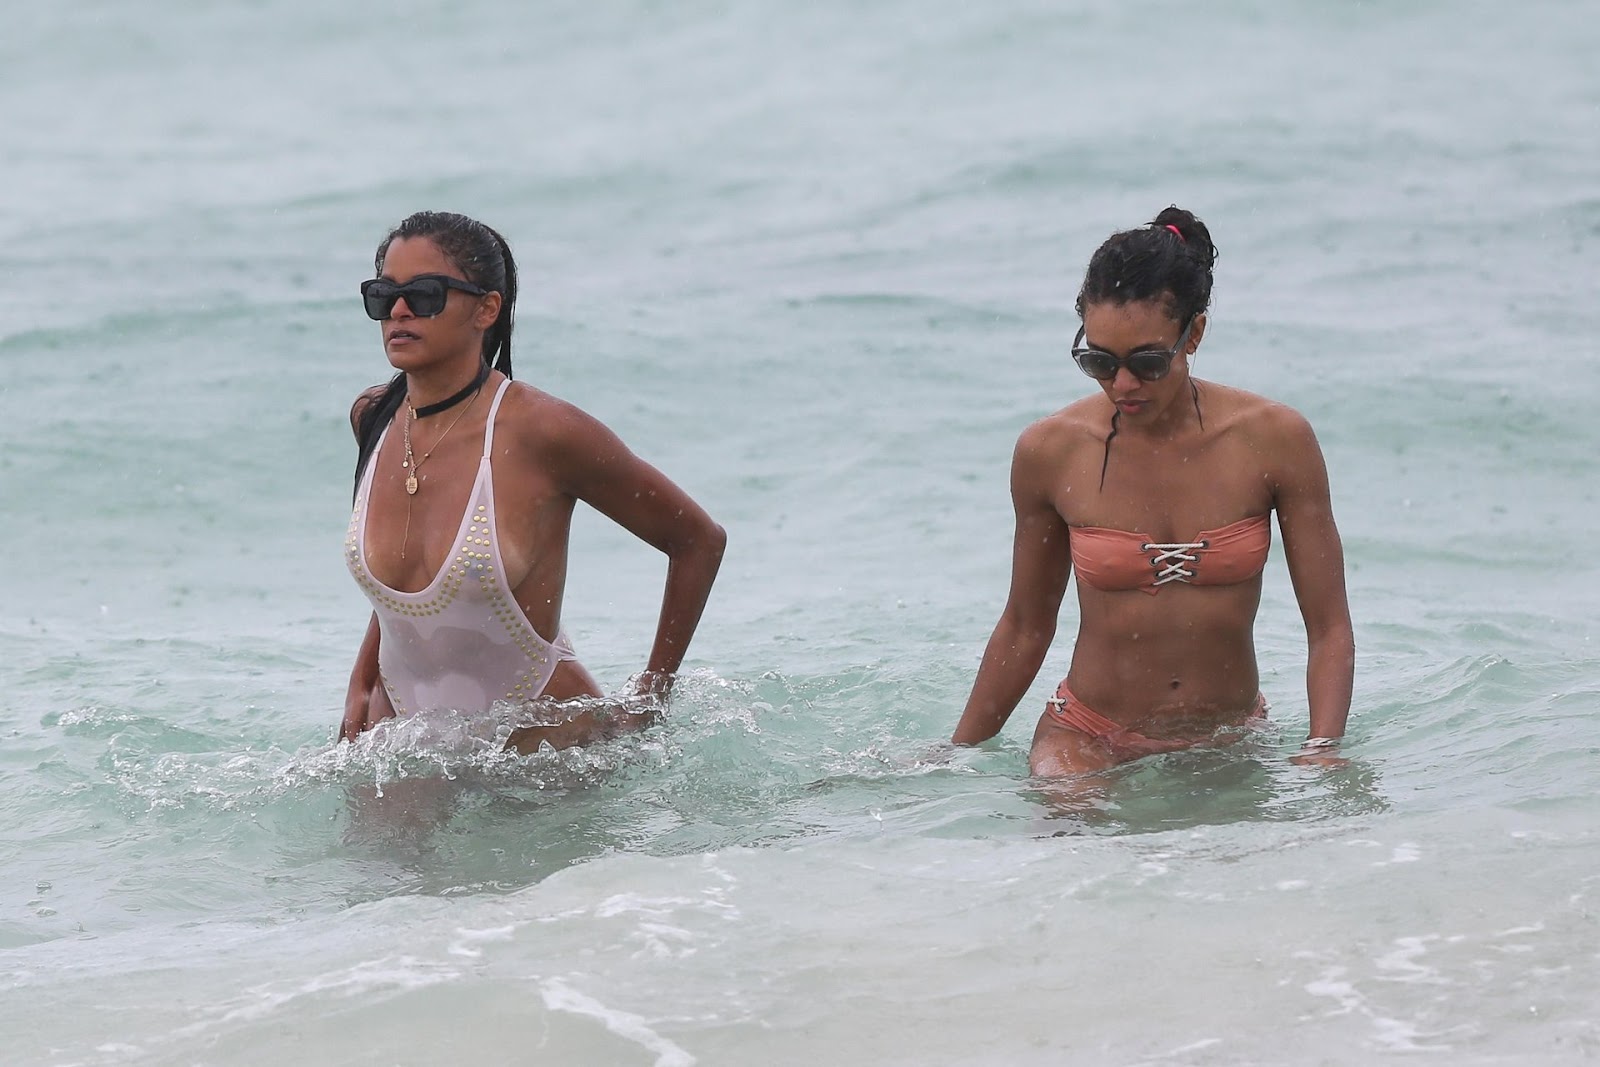 Claudia Jordan swimsuit malfunction, while swimming in the ocean of Miami Beach
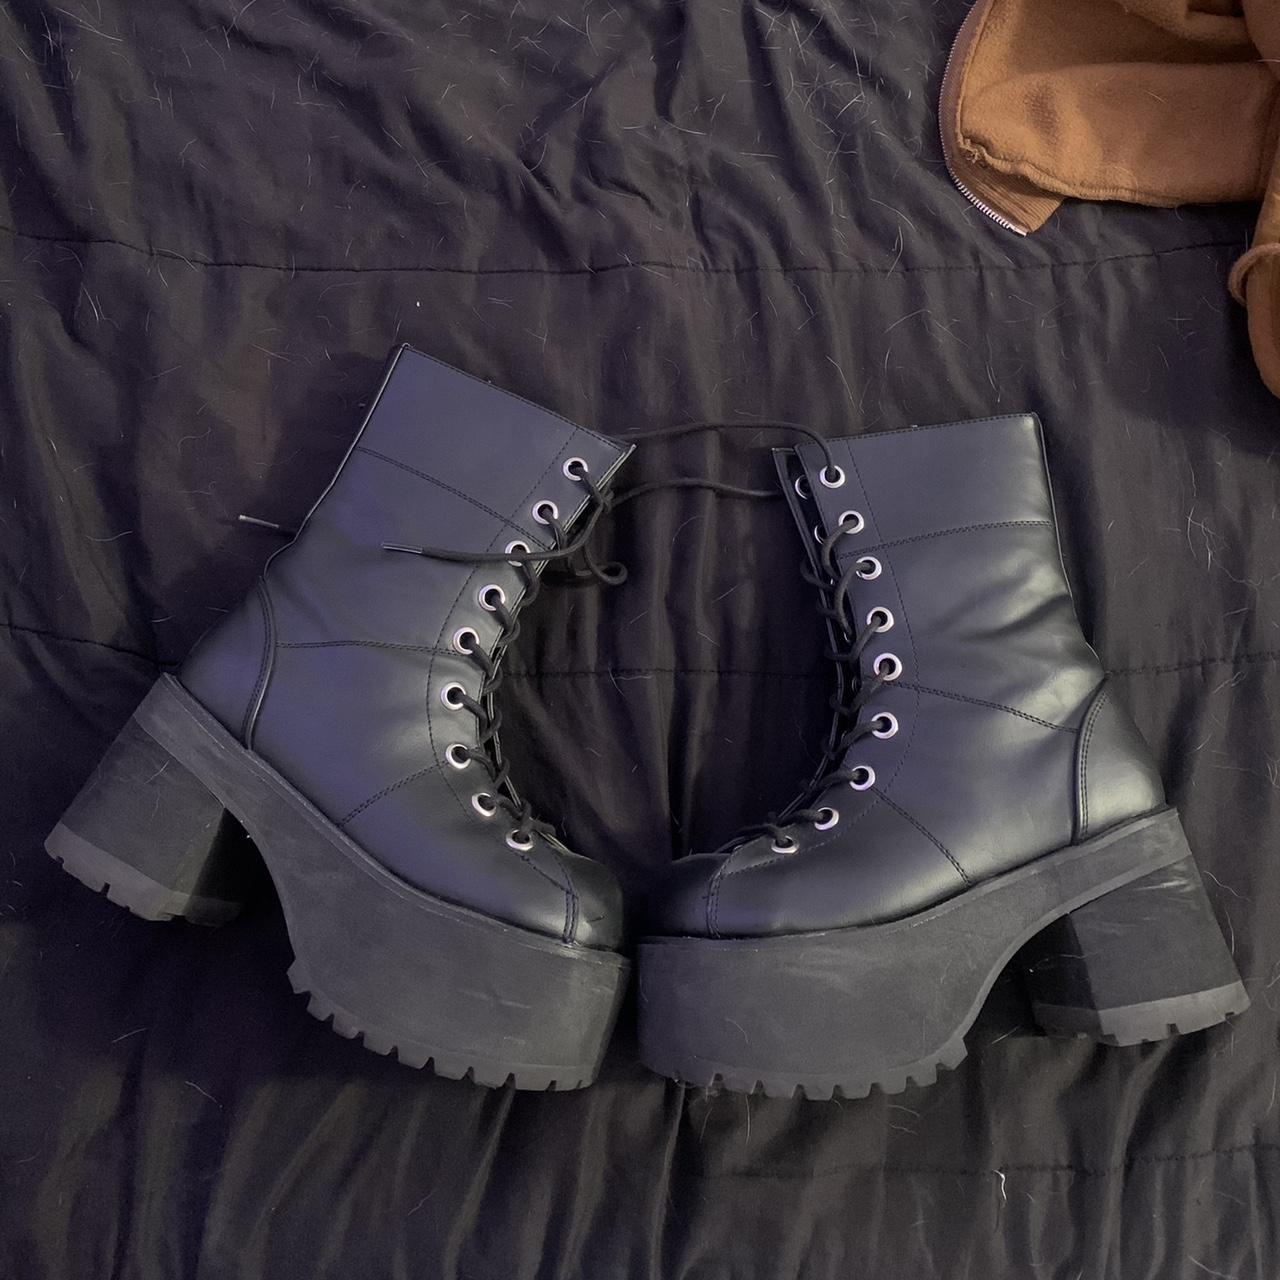 Demonia Women's Black Boots (2)
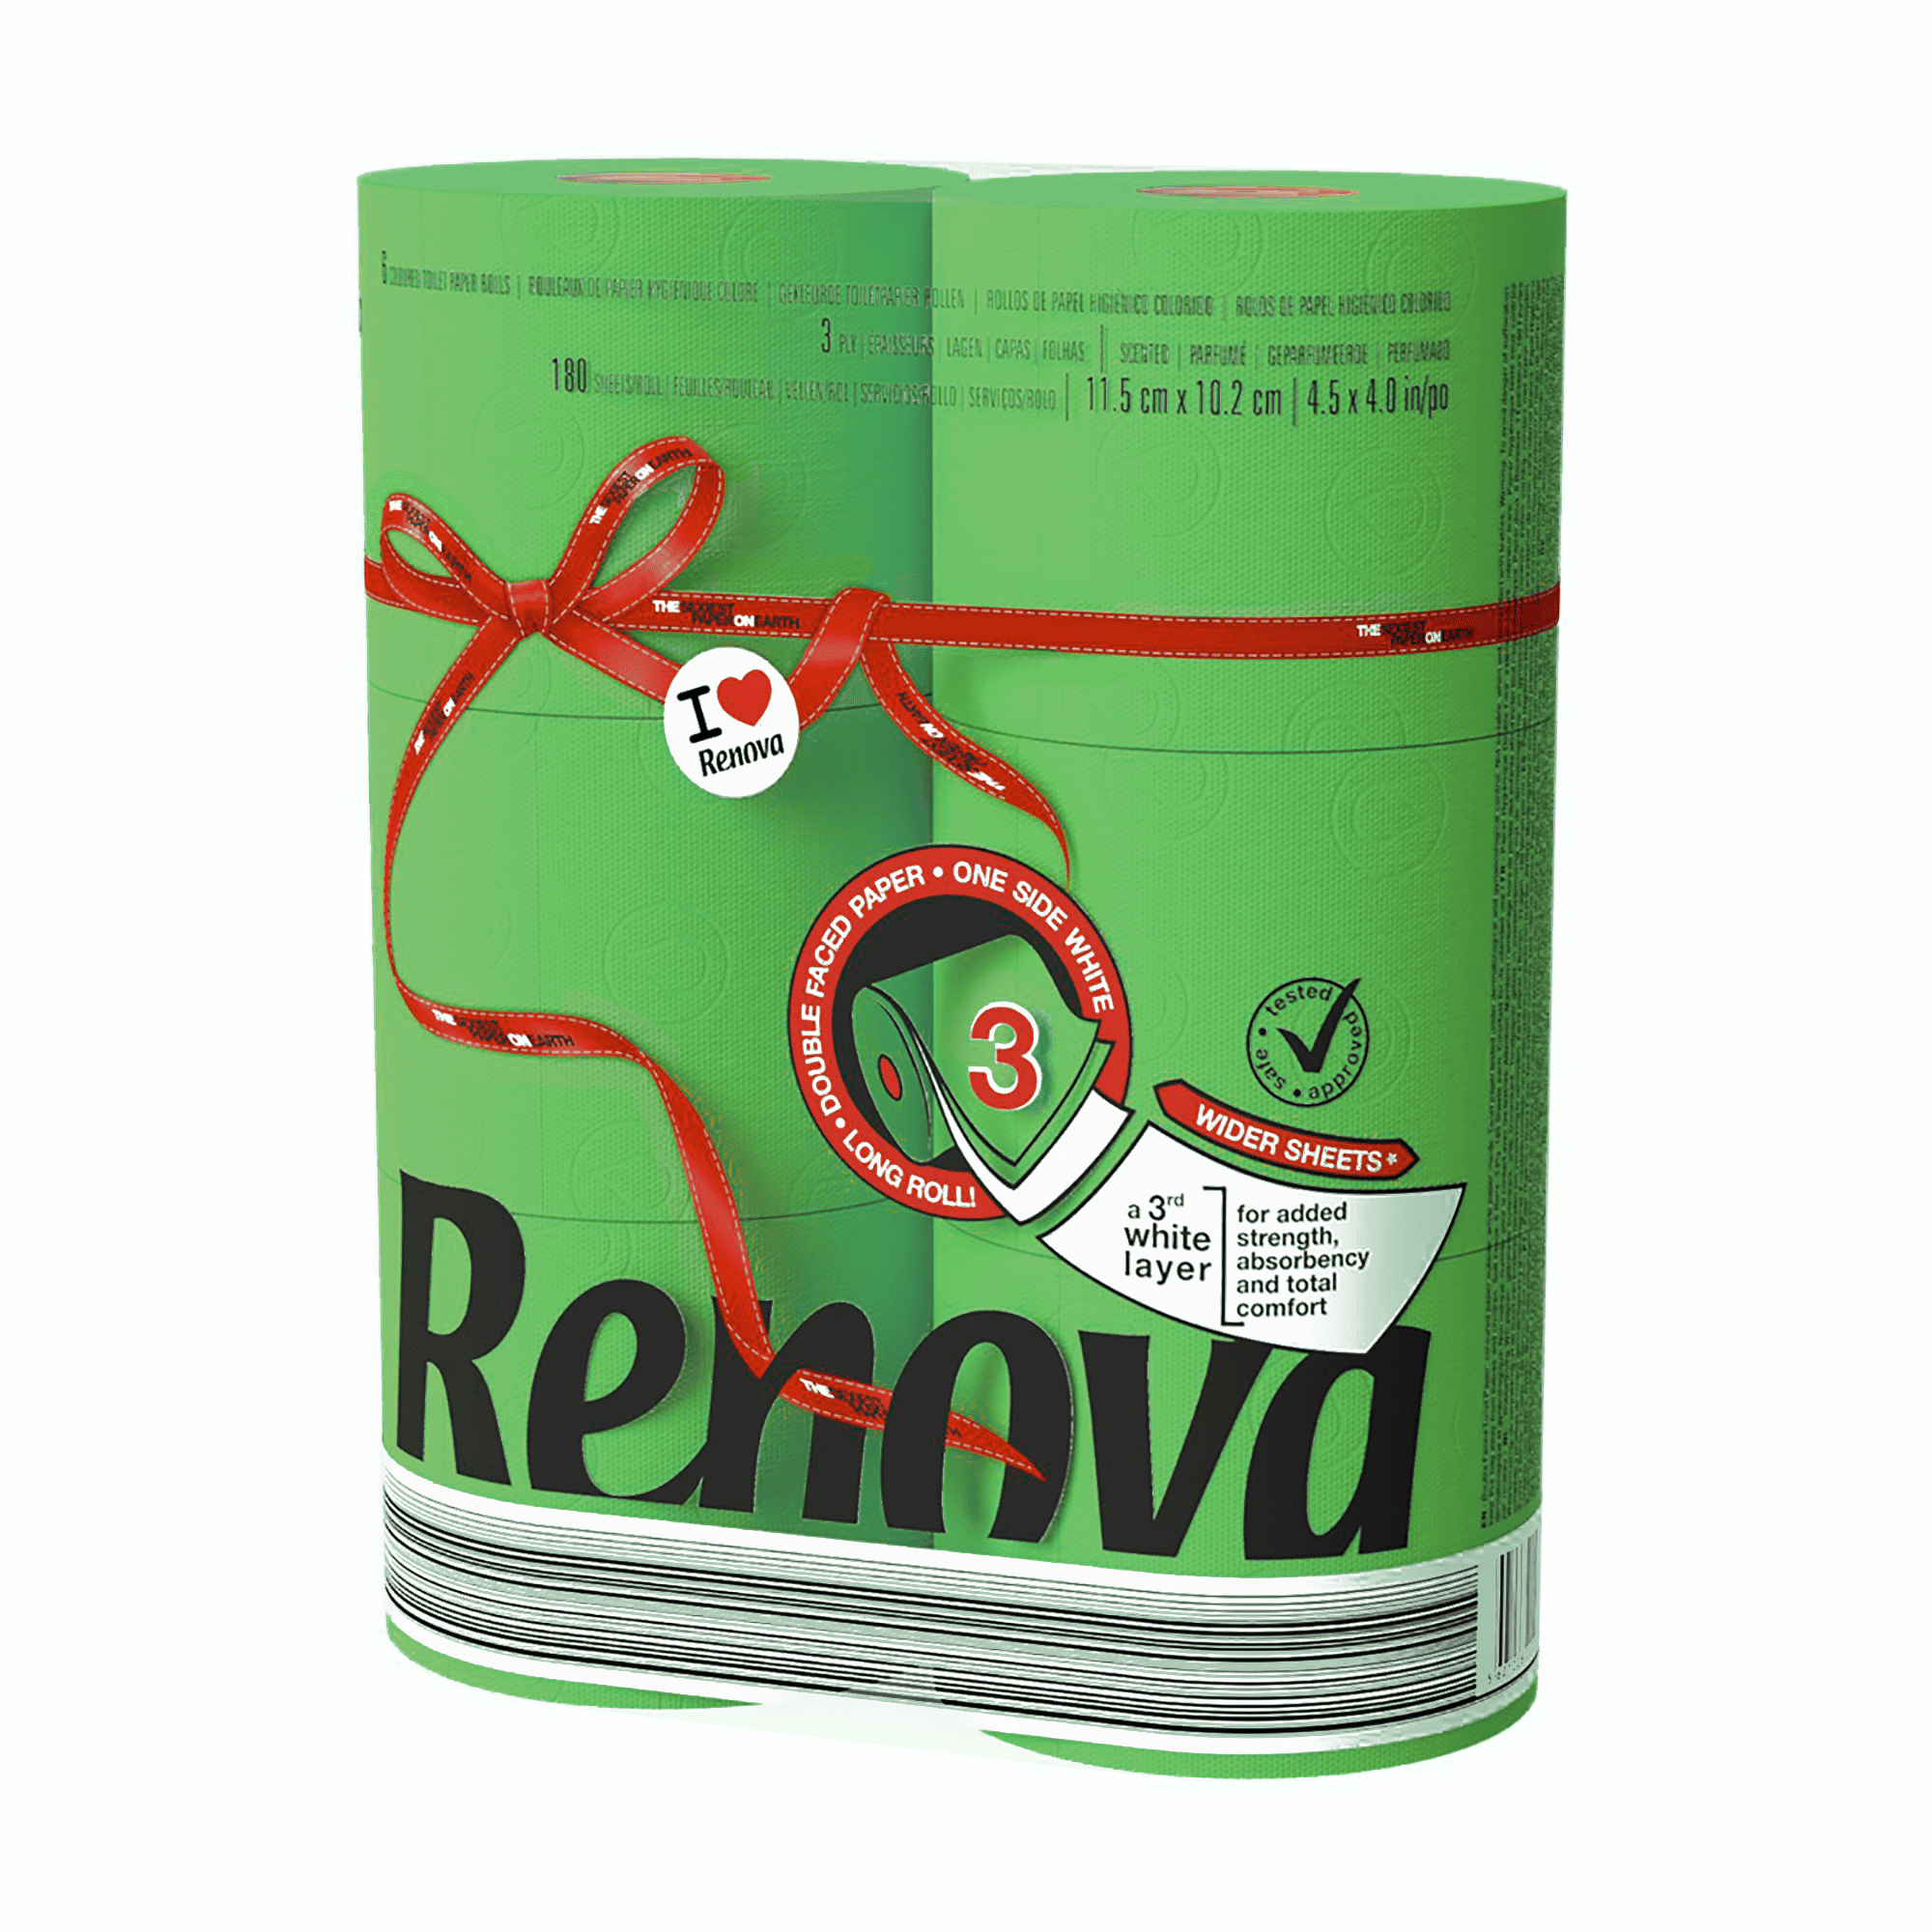 Papier toilette Renova Green maxi jumbo - Carton de 9 rouleaux

◇ ◇ ◇ ◇

» What you have to do
Copy out the data above to the letter, and keep every picture out of it.

» Exercise response
 Claudia Jordan swimsuit malfunction, while swimming in the ocean of Miami Beach
 Demonia Women's Black Boots (2)
 Papier toilette Renova Green maxi jumbo - Carton de 9 rouleaux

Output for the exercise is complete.